11 of the 12 are stamped, however none have a signature and there is no letter to verify authenticity. I do have the letter confirming he works for the company, as well as an updated change for his contract. 

Will these slips be okay? Or should I have him take them back and then mail them to me in Canada?


----------



## Leanna (Oct 22, 2012)

Brynna87 said:


> Hey,
> 
> So my fiance regretably forgot to have his manager sign his 12 months of payslips. I'm leaving for Canada on monday with all the paperwork so there's no time to have it done now.
> 
> ...


Are they printed on company letterhead? And do you have his bank statements to verify that the same amount is deposited into his account? If so, you should be just fine. 

We didn't have my husband's employer sign or stamp his payslips, with no problem. They were on the company letterhead, but that's about it.


----------



## Brynna87 (Jan 20, 2013)

No company letterhead, but yes to the bank statements.


----------



## Leanna (Oct 22, 2012)

Brynna87 said:


> No company letterhead, but yes to the bank statements.
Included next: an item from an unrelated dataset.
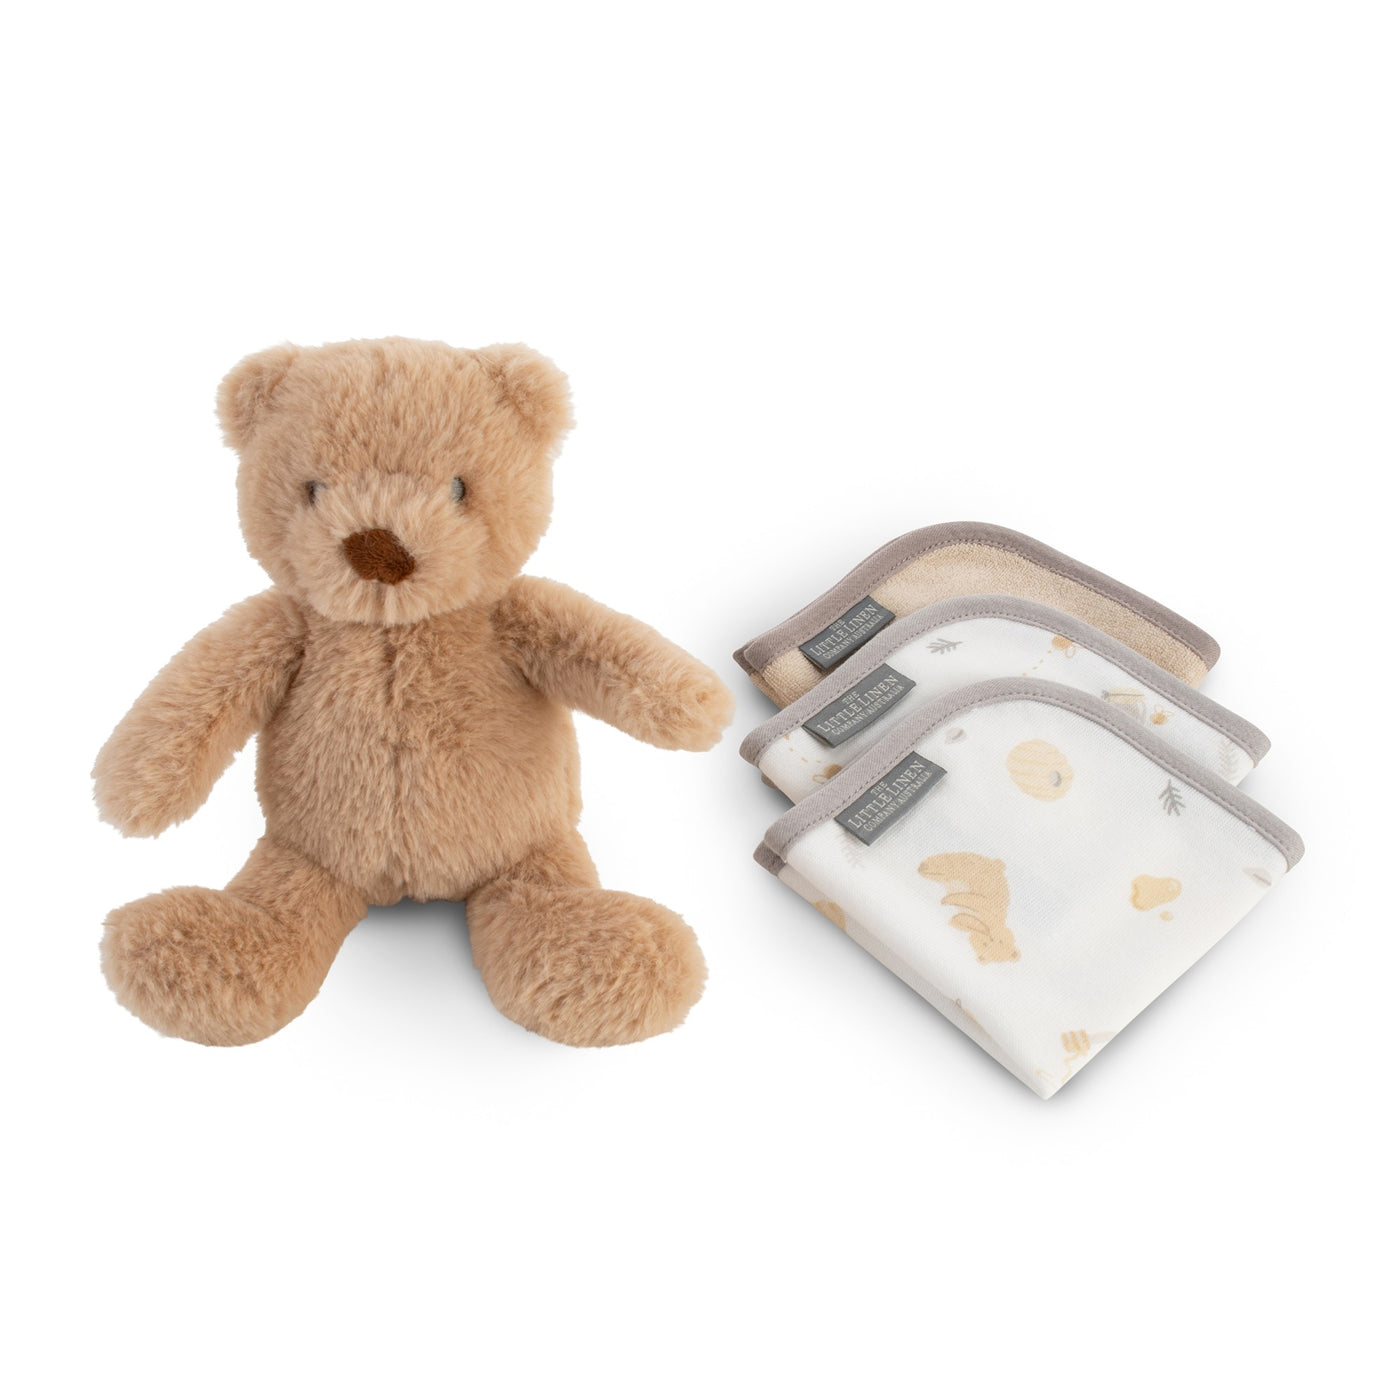 Plush Toy & Washers - Nectar Bear

I imagine they say the name of the company on them yes?


----------



## Hawa (Jan 22, 2013)

For my fiance visa application, payslips were not on company headed paper, no stamps or signature. However I also submitted:

1. Letter from Employer which details employment and salary
2. Bank statements showing the salary being deposited 

Good luck!


----------



## Brynna87 (Jan 20, 2013)

They are online statements, so not really. He's stamped 11 of them with the company stamps.


----------



## Leanna (Oct 22, 2012)

Brynna87 said:


> They are online statements, so not really. He's stamped 11 of them with the company stamps.
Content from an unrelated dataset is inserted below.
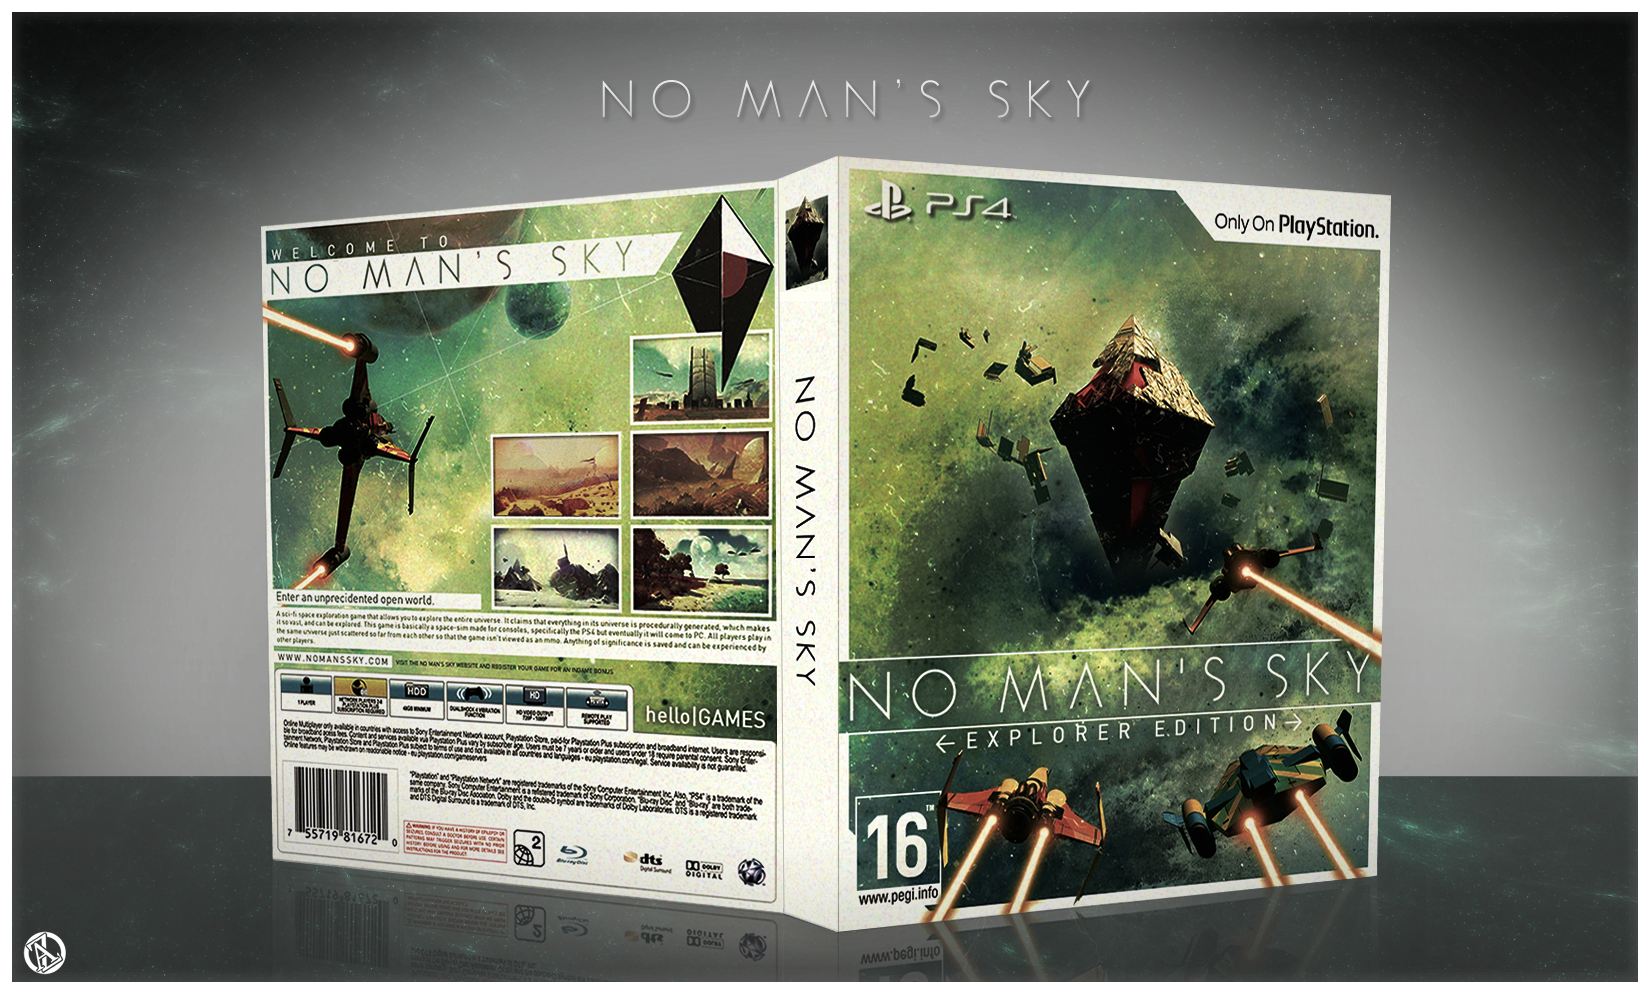 No Man's Sky: Explorer Edition box cover

Surely even online statements mention the company name? Even without it I'm sure you're fine. 11 out of 12 are stamped and the ECO can clearly see that the amount has been deposited into this account, so I imagine you're fine.  Wait around and see what others have to say, but I wouldn't worry.


----------



## Brynna87 (Jan 20, 2013)

Hawa said:


> For my fiance visa application, payslips were not on company headed paper, no stamps or signature. However I also submitted:
> 
> 1. Letter from Employer which details employment and salary
> 2. Bank statements showing the salary being deposited
> ...


Hawa, 

Thats' about what I'm submitting. Did you make it through okay then?


----------



## Hawa (Jan 22, 2013)

Brynna87 said:


> Hawa,
> 
> Thats' about what I'm submitting. Did you make it through okay then?


Fiance visa was granted within 10 working days. No calls/interview/question.

Then again, everything is assessed on a case by case basis.

You can also include a contract of employment if you have one. I did not but it did not matter.


----------